Поддавшись ярости, Лоу выходит из себя и теряет всякий контроль над собой:

«Он — причина всех моих неприятностей в отношениях с иностранными комиссарами. Он наделал здесь много зла; его для того сюда и прислали, этого проклятого сукина сына!»

Теперь достоверно известно, что Малькольм стремился занять пост губернатора. Возможно, Лоу знал об этом. Но что двигало Малькольмом? Желание смягчить участь изгнанника? Честолюбие, стремление оказаться причастным к великому эпизоду истории? Или желание во что бы то ни стало взять верх над хозяином Плантейшн Хаус? Кто сможет когда-либо сказать это? Во всяком случае, Малькольмы встретили весьма любезный прием в Англии. Конечно же у них были обширные связи, и шум, поднятый вокруг их имени, исходил от той немногочисленной элиты, в чьих руках находятся и финансы, и политика, и пресса; но, кроме того, действовала еще и либеральная партия, желавшая поднять на щит благородное поведение сэра Пултни. Благодаря этому и возникли слухи относительно нового назначения адмирала. Речь шла якобы о должности Лорда Адмиралтейства и... о губернаторстве на Святой Елене. Говорили, что он выразил готовность сменить Лоу на посту губернатора при условии, что будут отозваны иностранные комиссары. Ничего этого, однако, не произошло, и адмирал достойно завершил свою карьеру, так и не сыграв желанной роли на этой затерянной в океане скале — что, возможно, изменило бы участь изгнанников. После его отъезда Лоу вздохнул с облегчением: среди британцев у него более не осталось на острове равных ему противников.

 

Местная администрация

Мощный военный аппарат, осведомительная сеть, проблемы снабжения Лонгвуда, отношения с сухопутными и морскими частями поглощают все время сэра Хадсона. В своем мрачном и сыром кабинете в Плантейшн Хаус он получает письма и донесения, прислушивается к сплетням, выслушивает и расспрашивает офицеров и солдат, лакеев и прачек, а потом до позднего вечера строчит свои доклады государственному секретарю. Закончив эту работу и поручив исправления и переписку верному Горрекеру, он садится на лошадь и по круто поднимающейся вверх дороге Лэддер Хилл прибывает в Джеймстаун, где находится канцелярия Индийской компании. В старом Замке, в своем огромном кабинете с выходящими на море большими окнами, он встречается с членами Совета, своими помощниками по административным вопросам. Среди них казначей сэр Уильям Доветон, бухгалтер Роберт Лич, смотритель склада Томас Грентри, безликие статисты, безликие конторские служащие, которые при одном лишь появлении сэра Хадсона Лоу застывают в почтительной позе.

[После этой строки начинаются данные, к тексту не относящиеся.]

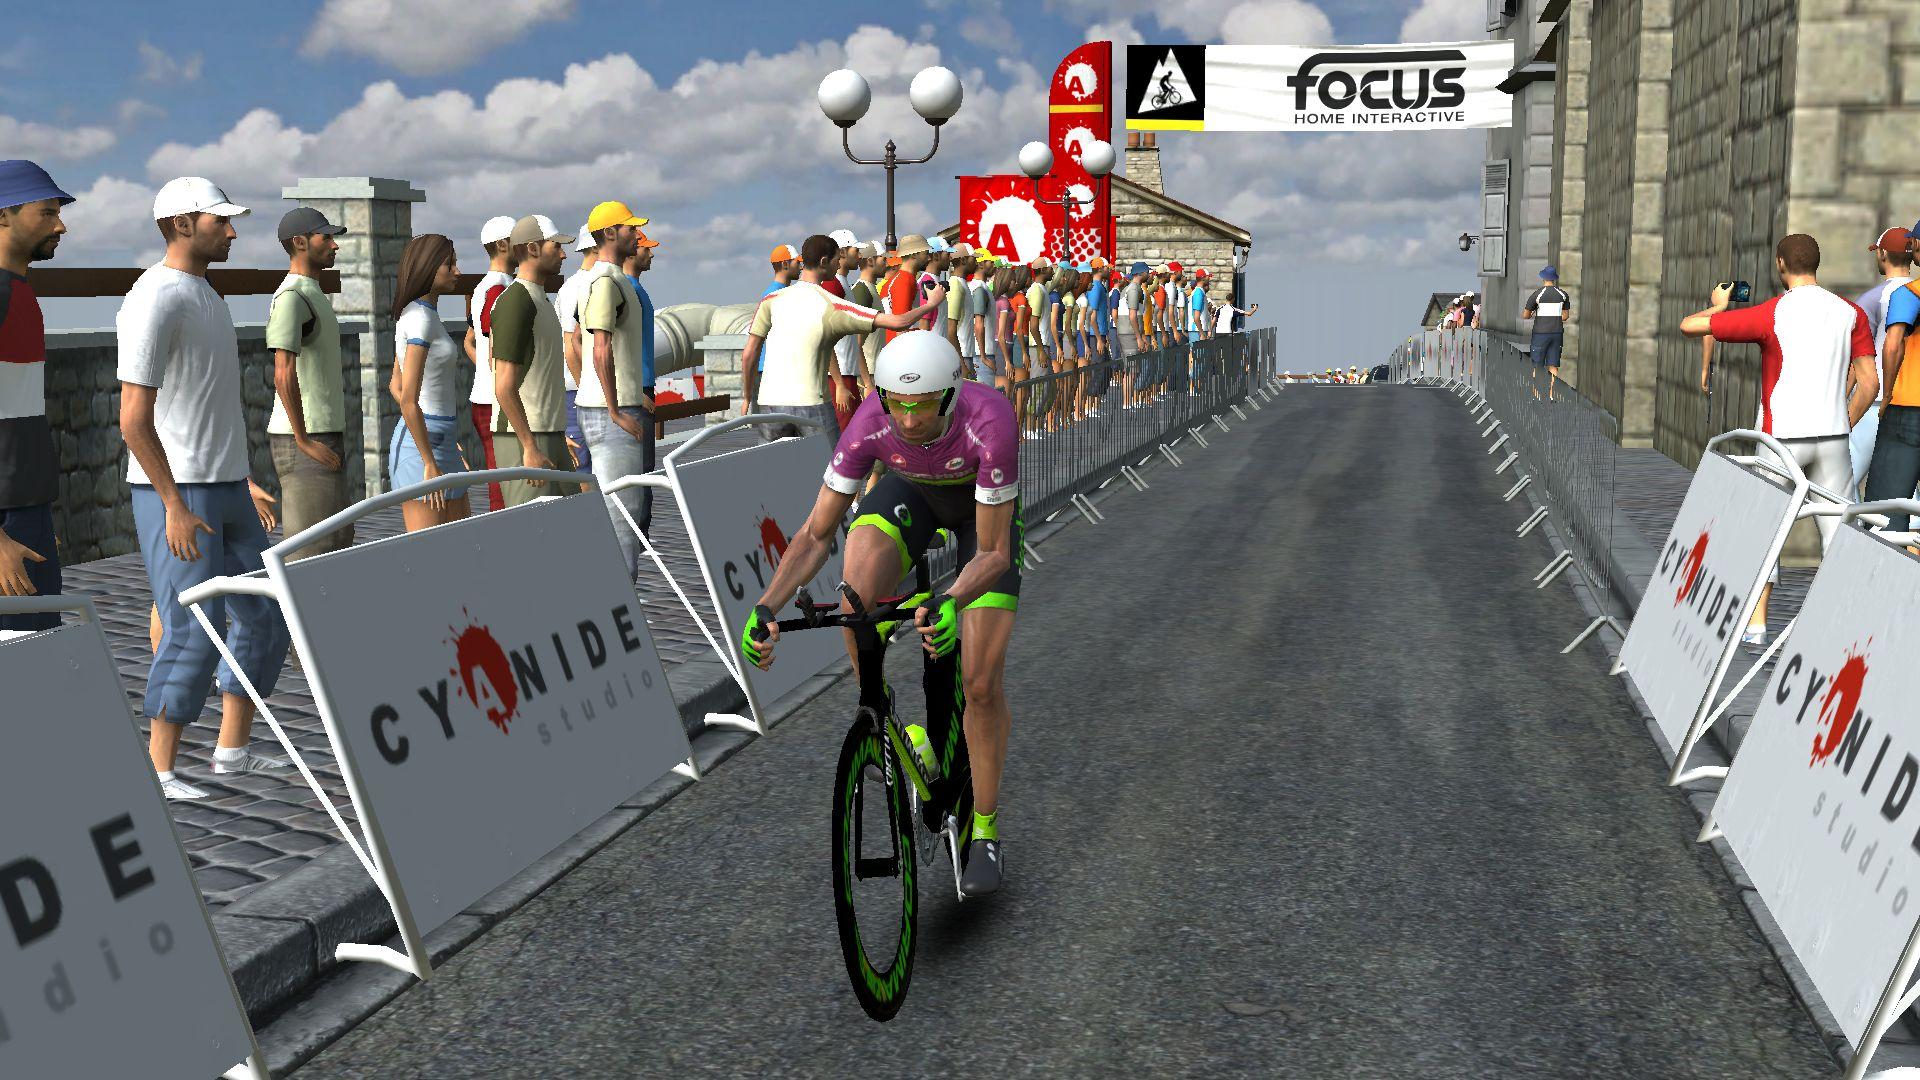 pcmdaily.com/images/mg/2019/Races/GTM/Giro/mg19_giro_09_PCM0068.jpg

В зале Совета раз в неделю проходят заседания под председательством «его превосходительства сэра Хадсона Лоу, кавалера ордена Бани, губернатора и главнокомандующего» для обсуждения многочисленных вопросов повседневной жизни колонии, проблем жилья, снабжения, содержания поручений Компании, арендных договоров и иных прошений, поданных секретарю за истекшие дни. В исполнении этой части своих обязанностей Лоу не выказывает той страсти к мельчайшим подробностям, каковую демонстрирует в отношении военных дел: каждое досье обычно бывает тщательно рассмотрено и должным образом оформлено, и каждый корабль, направляющийся в Великобританию, везет объемистый пакет с депешами.

В 1816 году тон его посланий, равно как и ответов на них, весьма доброжелателен, и некоторые высокомерные замечания Лоу в Лондоне намеренно оставляют без внимания. Но дело фермера Брима все портит и дает повод членам «Достопочтенной Палаты директоров» уведомить Лоу, причем в весьма резких выражениях, о том, что они думают о его правлении и о его отношении к ним.

Вкратце суть дела сводится к следующему: фермер Брим, служащий Компании, обвиняемый в хищении денежных средств, небрежном ведении счетов и незаконных продажах, был отстранен губернатором от исполнения своих обязанностей до завершения расследования, которое оказалось долгим и сложным и не дало окончательного подтверждения виновности этого человека. Последний, не теряя времени, отбыл в Англию и поднял шум, не оставивший безразличными «достопочтенных директоров». 2 мая, за три дня до смерти Наполеона, они так решительно атаковали Лоу, словно на них была возложена миссия подвести итог его губернаторству и положить конец его правлению. Под грифом «Секретно и конфиденциально» они излагают суть своих претензий:

«Когда мы читали депеши со Святой Елены за 1820 год, мы не могли не обратить внимания на тон и стиль как ваших писаний, так и выступлений губернатора в Совете. Мы убеждены, что вы не стремились выказать неуважение Палате директоров, но когда вы ознакомитесь с наиболее важными пунктами, кои мы сейчас перечислим, вы согласитесь, что у нас были основания истолковать подобным образом ваше поведение. И тогда, принимая во внимание позицию, занятую вами по отношению к Палате, вы признаете, сколь неуместно было ваше поведение. Мы не можем допустить, чтобы нам давались указания относительно способов получения сведений о наших делах на Святой Елене. Мы настаиваем на том, что имеем право критиковать любое действие вашей администрации. Ваш тон и ваша горячность совершенно неуместны, если принять во внимание ваше нынешнее положение по отношению к Палате. Мы не можем допустить, чтобы вы намеренно выражали нам неуважение в вышеупомянутых нами делах, а посему надеемся, что вы не замедлите убедиться в том, что позволили ввести себя в заблуждение и вынесли неправильное решение; сие позволит положить конец этой неприятной переписке».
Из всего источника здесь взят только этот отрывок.